PulseNmore has conducted ‘successful tests’ on product, says it’s nearing completion; images can be sent directly to physicians

Computerized footage of an ultrasound device in development by Israeli startup PulseNmore that would let an expectant mother check on her baby through her smartphone. (Screen capture: Hadashot)
Computerized footage of an ultrasound device in development by Israeli startup PulseNmore that would let an expectant mother check on her baby through her smartphone. (Screen capture: Hadashot)

An Israeli startup is in the final stages of developing a revolutionary handheld ultrasound device that will allow pregnant women to check on the health of their baby using only a smartphone.

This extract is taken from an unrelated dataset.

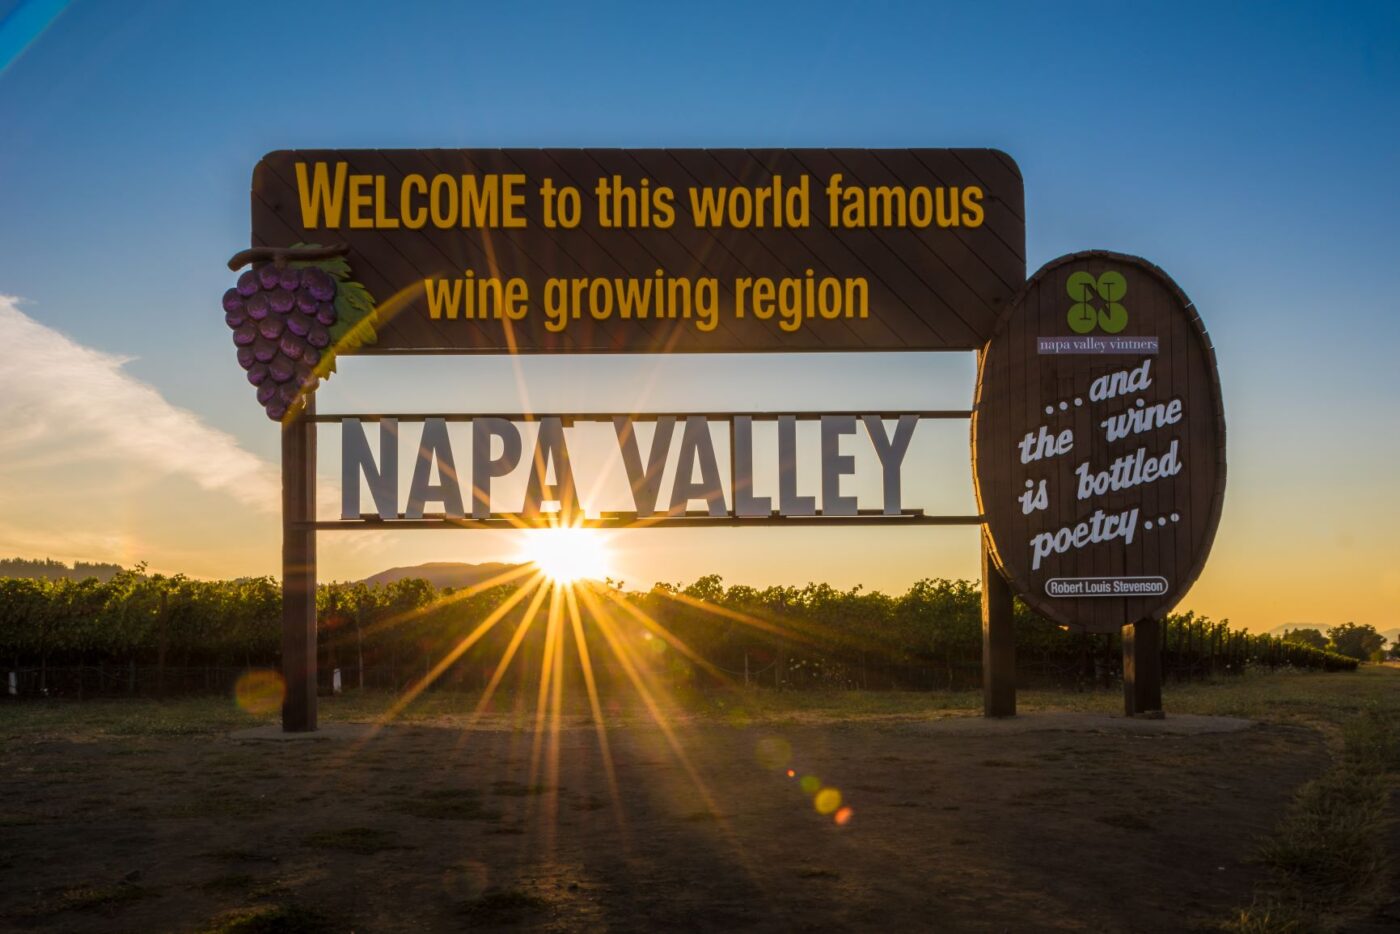 Image of a sign in front of a vineyard with the reflection of the sun. The sign says Napa Valley, welcome to this world famous wine growing region... and the wine is bottle poetry...

PulseNmore LTD. says its device can connect to any smartphone, displaying the images on its screen and sending them to the pregnant woman’s personal doctor for examination, Hadashot TV reported Tuesday.

The invention could revolutionize ultrasound tests and the frequency in which expectant mothers check on their unborn child, especially in Israel, where women undergo 6-8 tests on average, according to Prof. Israel Meisner, head of the Obstetric Ultrasound Unit at Rabin Medical Center in Petah Tikva.

“The new development has one big advantage, which is the calming effect,” Meisner told Hadashot. “Women sometimes don’t feel movement, call their doctor and are told to go to an emergency room. Here there’s the option to put a phone on her stomach and see her baby.”

“The purpose is to use it only when necessary, when there’s anxiety,” Dr. Elazar Sonnenschein, co-founder of PulseNmore, told the TV station.

Illustrative: Ultrasound. (via Shutterstock)

The device has yet to receive approval from the Health Ministry. But the company says it has been successfully tested in the United States.

PulseNmore says its device can be used for up to 25 ultrasound checks and will retailed at around NIS 700 ($190) once it receives certification from the Health Ministry.

That cost doesn’t include payment to the doctor examining the image. But the startup said it was in talks with Israeli health funds on the subject, since the device could save them money by making costly ultrasound tests unnecessary.

“To prevent misunderstandings: this is not an ultrasound to check for defects or pregnancy measurements,” Meisner said. “This is a device with the sole purpose of calming a woman down, to give her the chance to see her fetus, connect to it when she is stressed, and understand that it is looking okay.”